The Clean Neighbourhoods and Environment Act
Under this Act, you could be fined up to £1,000 for breaching dog
control orders. Local authorities can make orders for standard
offences including: failing to remove dog faeces, not keeping a
dog on a lead, not putting and keeping a dog on a lead when
directed to do so, permitting a dog to enter land from which dogs
are excluded and taking more than a specified number of dogs
on to land.

The Clean Neighbourhoods and Environment Act also updates
the law on stray dogs by transferring the responsibility for strays
from the police to the local authorities. It is highly recommended
that your dog is microchipped and registered with Petlog, the
largest pet reunification scheme in the UK, as
this can prove extremely effective in locating a
lost pet. The Petlog Premium service can
even alert local vets and dog wardens when
an owner reports where their pet was lost.
If you lose your dog, you should stay in regular contact with the
local council, Petlog, vets, dog shelters, and put up posters in the
area where you lost it. (For outdoor flyers you may need to get
permission from your council)
Dog wardens are obliged to seize stray dogs. The finder of a stray
dog must return it to its owner (if known), or take it to the local
authority. It is illegal to take a found dog into your home without
reporting it to the police first. If you want to retain the dog, this
might be allowed, provided you are capable of looking after the
dog and agree to keep it for at least 28 days. However, the original
owner could still have a claim for the dog’s return.


Byelaws on noisy animals
If your dog’s barking causes a serious nuisance to neighbours, the
local authority can serve a noise abatement notice, which if unheeded
can result in you paying fines and legal expenses.
Breeding and Sale of Dogs (Welfare) Act 1999
Breeders who breed five or more litters per year must be licensed by
their local authority. Breeders with fewer litters must also be licensed if
they are carrying out a business of breeding dogs for sale.
Licensed breeders must:
a) Not mate a bitch less than 12 months old.
b) Not whelp more than six litters from a bitch.
c) Not whelp two litters within a 12 month period from the same bitch.
d) Keep accurate records.
e) Not sell a puppy until it is at least eight weeks of age, other than to
a keeper of a licensed pet shop or Scottish rearing establishment.
The Control of Dogs Order 1992
This mandates that any dog in a public place must wear a collar with
the name and address of the owner engraved or written on it, or
engraved on a tag. Your telephone number is optional (but advisable).

Dangerous Dogs Act 1991 (section 3)
It is a criminal offence (for the owner and/or the person in charge of
the dog) to allow a dog to be ‘dangerously out of control’ in a public
place, a place where it is not permitted to be, and some other areas.
A ‘dangerously out of control’ dog can be defined as a dog that has
injured someone or a dog that a person has grounds for reasonable
apprehension that it may do so.
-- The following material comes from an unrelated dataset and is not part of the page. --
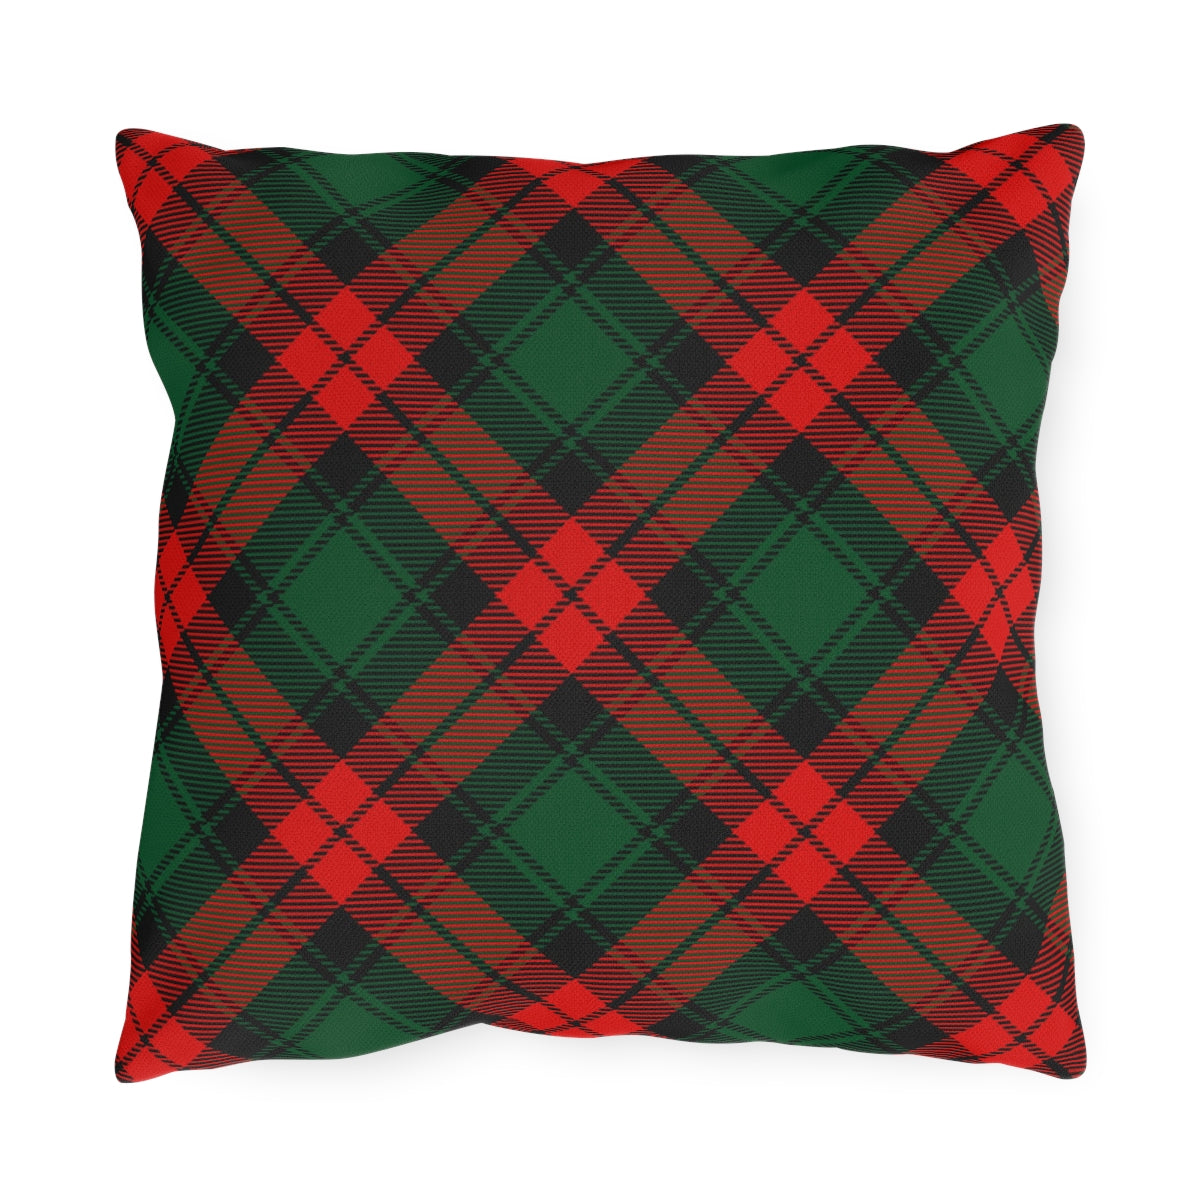 Red and Green Tartan Plaid Outdoor Pillow

Something as simple as your dog
chasing, barking at or jumping up at a person or child could lead to a
complaint, so ensure that your dog is under control at all times.
If your dog injures a person, it may be seized by the police and your
penalty may include a prison sentence and/or a ban on keeping dogs.
There is also an automatic presumption that your dog will
be destroyed (unless you can persuade the court that it is
not a danger to the public, in which case it may be subject
to a control order). You may also have to pay a fine,
compensation and costs.

Dangerous Dogs (Amendment) Act 1997
The 1991 Act was amended by the Dangerous Dogs
(Amendment) Act 1997. The 1997 Act removed the
mandatory destruction order provisions on banned breeds
and re-opened the Index of Exempted Dogs for dogs
which the courts consider would not pose a risk to the
public. The courts were given discretion on sentencing, with
only courts able to direct that a dog be placed on the list of
exempted dogs.
Dogs of the following type are banned under the
Dangerous Dog Act:
* The Pit Bull Terrier
* Fila Brasiliero
* Dogo Argentino
* Japanese Tosa
The Control of Dogs Act 2010 (Scotland only)
The Act is enforced alongside the Dangerous Dogs Act in
Scotland and removes any reference to a dog’s ‘size and
power’ when determining whether or not it is out of control.
The legislation also covers attacks on private property and
introduces dog control notices. A notice may be served by
an authorised officer appointed by a local authority where a
dog has been out of control. The notice sets out the
reasons why an authorised officer considers the dog was
out of control and specifies what steps the recipient of the
notice must take to bring and keep the dog under control.

The Road Traffic Act 1988
It is an offence to have a dog on a designated road
without it being held on a lead. Local authorities may
have similar bye-laws covering public areas. Dogs
travelling in vehicles should not be a nuisance or in
any way distract the driver during a journey.
If a dog is injured in a car accident, the driver must
stop and give their details to the person in charge
of the dog. If there is no person in charge of the
dog, the incident must be reported to the police
within 24 hours.

Animals Act 1971
You could be liable for damage caused by your dog under this Act
or under some degree of negligence. It is highly advisable to have
third party liability insurance to cover this, something that is included
in most pet and some household insurance policies.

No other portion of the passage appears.